Political Strategy for a Permanent Democratic Majority

Is the NRA’s Reign as Political Bully Coming to an End?

NY Mayor Michael Bloomberg, one of the political world’s most eloquent champions of meaningful gun control, said something interesting — and important — on Meet the Press last Sunday:

This myth that the NRA can destroy political careers is just not true…The NRA’s power is vastly overrated.

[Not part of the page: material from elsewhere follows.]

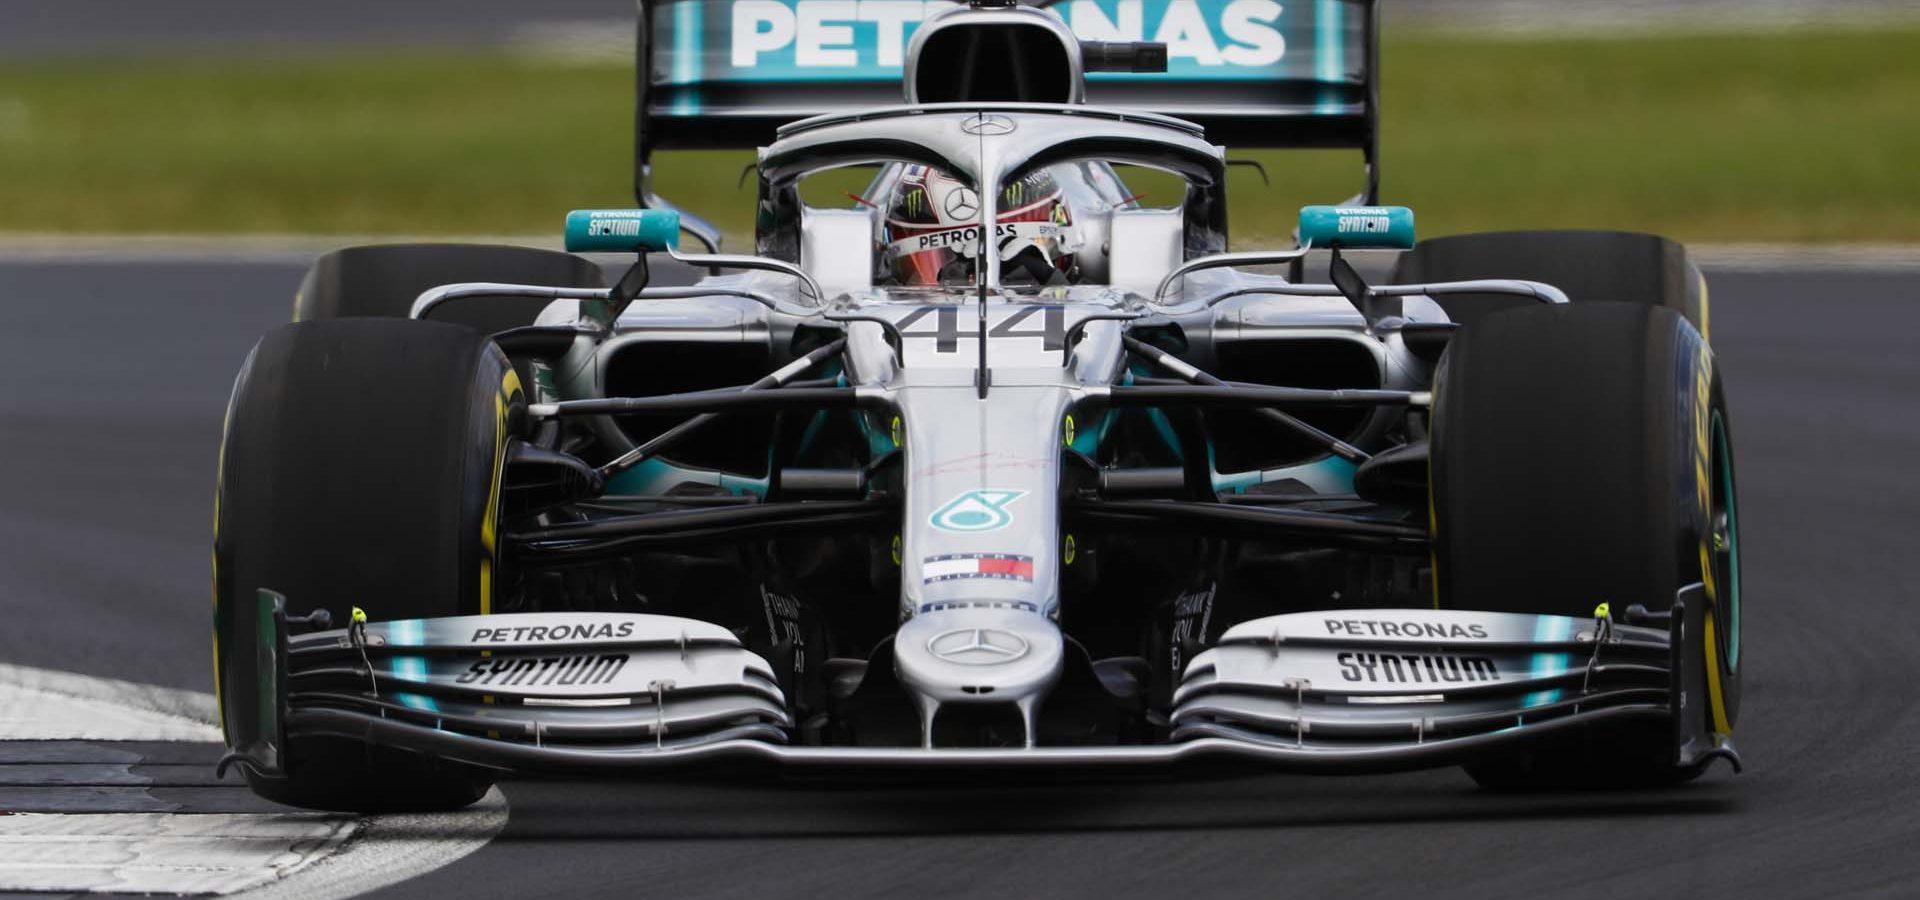 2019 British Grand Prix, Friday - LAT Images Lewis Hamilton Mercedes

No doubt Bloomberg is correct with respect to urban congressional districts. But not everyone would agree that it applies as a blanket generalization across the nation. What hasn’t changed, according to Nicholas Confessore, Michael Cooper and Michael Luo, writing in the New York Times, is the NRA’s formidable assets: “A $300 million budget, millions of members around the country and virtually unmatched ferocity in advancing its political and legislative interests.” As The NYT article points out, quoted by Tracy, “Over the years the NRA has perfected its strategy for responding to mass shootings: Lie low at first, then slow-roll any legislative push for a response.”
But that was before the Sandy Hook shootings. In the past the NRA has been able to shrug off massacres, and the politicians have been able to get away with making statements backed by no action, as the incidents faded to the back pages of newspapers. At The New Republic, Marc Tracy quotes veteran Republican strategist Todd Harris: “The public is not interested in hearing reasons right now for why assault weapons shouldn’t be banned. They may be receptive to those arguments in a month or two, as they have been in the past.”
But the massacre of 20 young children in an elementary school is so brutal and horrifying that members of congress who now vote against modest and reasonable reforms in firearms policy are going to have to answer to a growing chorus of middle class parents who are now paying close attention.
Some no-brainer reforms that should be ripe for enactment would include a ban on public sale of high-capacity ammo clips, assault weapons and armor-piercing cop-killer bullets, along with a stronger national data base to identify criminals and people with a history of violent behavior at point-of-sale. The NRA will try to stall and delay action, hoping public attention will evaporate, so political moderates can run for cover. But it may be too late for that tactic to work this time, especially if the parents of the slain children of Newtown organize themselves into a political force that can’t be ignored. The NRA’s ‘slippery slope’ arguments against these reforms are not likely to get much traction in the current political climate.
As Mayor Bloomberg says, quoted by Amanda Sakuma at msnbc.com, the president must take “immediate action” and show leadership on the issue. “If he does nothing during his second term, something like 48,000 Americans will be killed with illegal guns,” Bloomberg said of Obama. “That is roughly the number of Americans killed in the whole Vietnam War.”
if Mayor Bloomberg is right that the NRA is losing influence in America’s electoral politics, it would be welcome development for public safety in America. And by getting out in front on the issue as a compelling spokesman for a sane firearms policy at the right time, while other candidates dither, Bloomberg may be strengthening his cred as a potent force in national politics.